Pertinent facts and procedural history are as follows: Plaintiff and defendant entered into an agreement entitled “Lease/Finance Proposal” (the agreement), signed by plaintiff on or about 5 December 1995. The agreement designated defendant, NAFCO Capital Corp. (NAFCO; defendant), as “Lessor/Lender” and plaintiff, L. C. Williams Oil Co. (Williams; plaintiff), as “Lessee/Borrower.” Critical to the instant appeal is whether the agreement constituted a “lease” or a “loan.”

The agreement contained the following pertinent provisions:
Equipment Cost: $850,000.00
Lease Term: 60 months
Monthly Rental: $18,445.00
Purchase Option: At the termination of the lease, upon such advance notice as the Lessor shall agree to, the Lessee shall have the option to purchase the leased equipment for ($1.00) one dollar.

In addition, pursuant to a clause of the agreement entitled “Collateral,” the parties agreed that NAFCO would retain “free and clear title as well as a first lien position on all of the equipment encompassed under the [agreement],” and further agreed that the “quicksale value” of the equipment exceeded $1,000,000.00. A subsequent provision entitled “Additional Collateral” also required Williams to furnish NAFCO “an assignment of account receivables[] in the amount of $600,000.00” to secure timely lease payments. The “Default” clause provided that, in the event of default by either party, “any and all fees, deposits and advance rentals [paid by Williams] shall not be refunded and will be deemed liquidated damages.”

The agreement concluded with the following statement:

All actions or disputes arising out of this agreement shall be tried in the State of New York and County of New York and the laws of the State of New York shall apply.

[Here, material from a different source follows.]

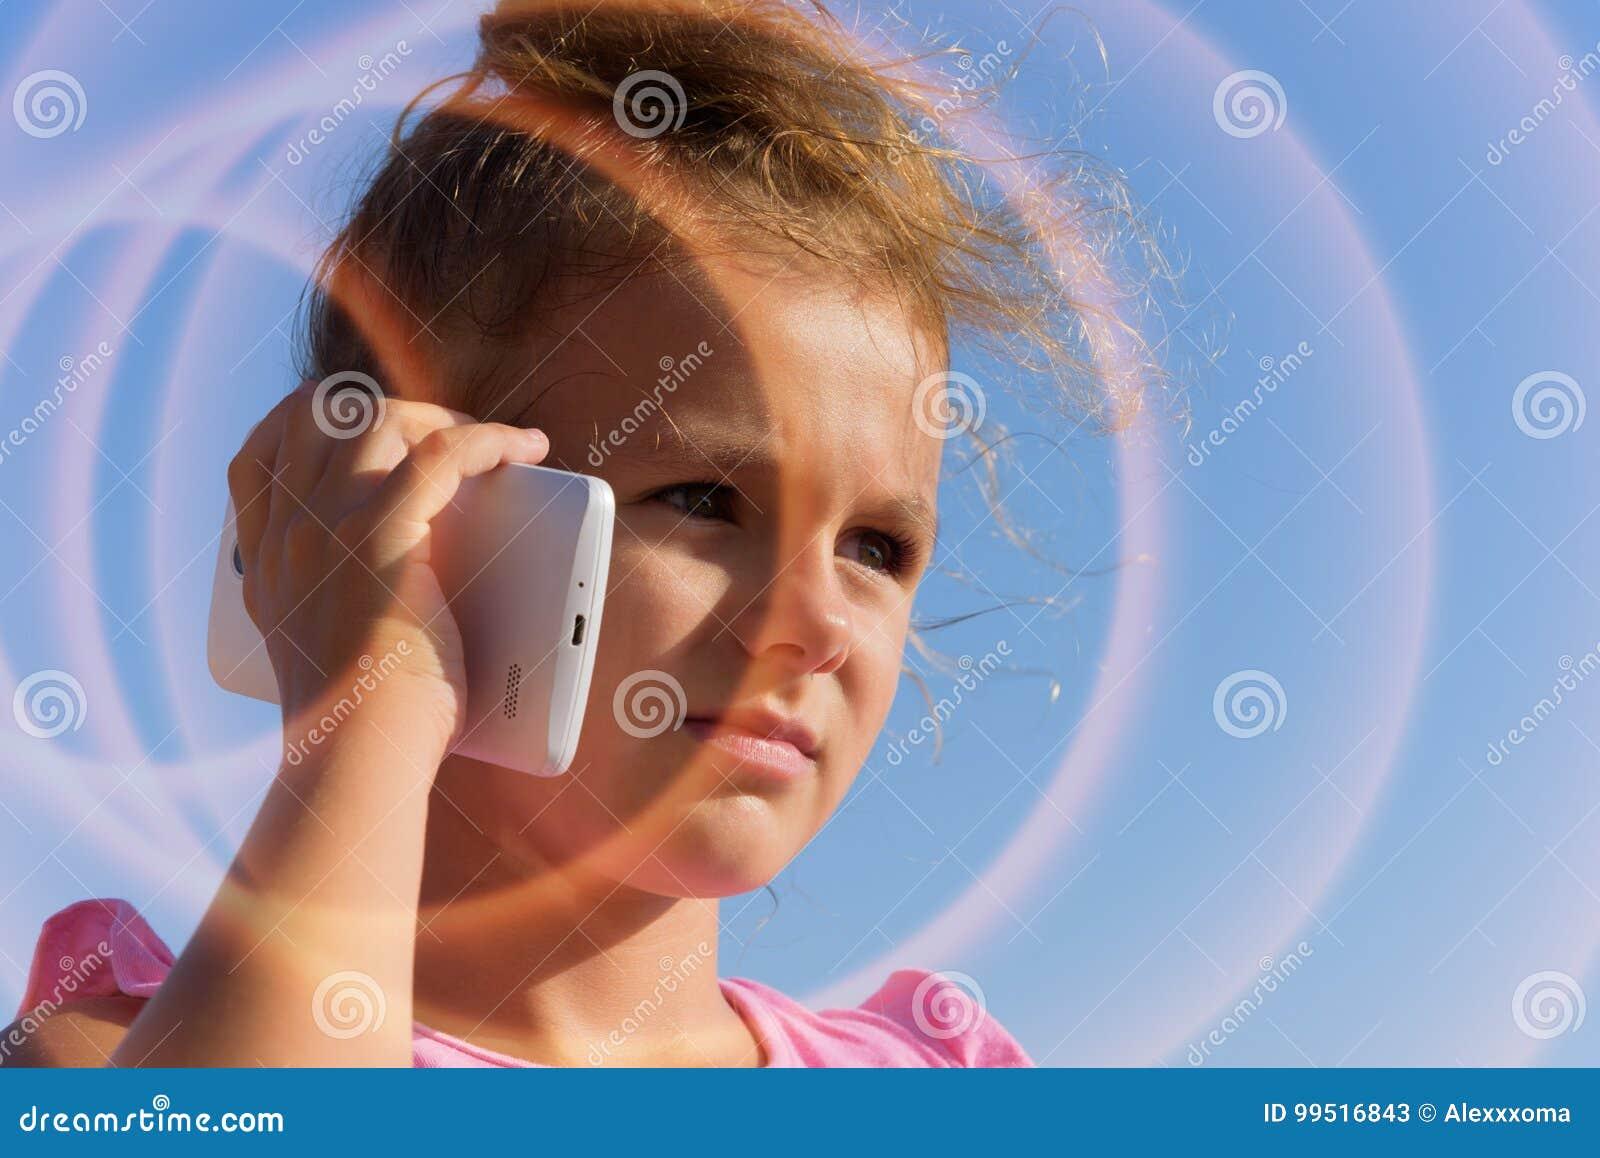 一个相当小女孩由智能手机讲话,斜眼看在蓝天背景的阳光下 Smartphon是奔跑波浪日落2

*288 Plaintiff filed the instant complaint 20 August 1996, alleging, inter alia, breach of contract. Defendant’s subsequent motion to dismiss, filed 27 September 1996, was denied by order entered 30 October 1996. Defendant gave timely notice of appeal.

Following hearing of oral argument herein, the parties jointly filed with this Court a request to “stay[] or hold[] this matter in abeyance” until resolution of a bankruptcy proceeding naming NAFCO as debtor which had been filed 25 September 1997 in the United States Bankruptcy Court for the Eastern District of New York. On 4 May 1998, counsel for NAFCO filed with this Court a copy of an order of the Bankruptcy Court dated 20 March 1998 closing the case.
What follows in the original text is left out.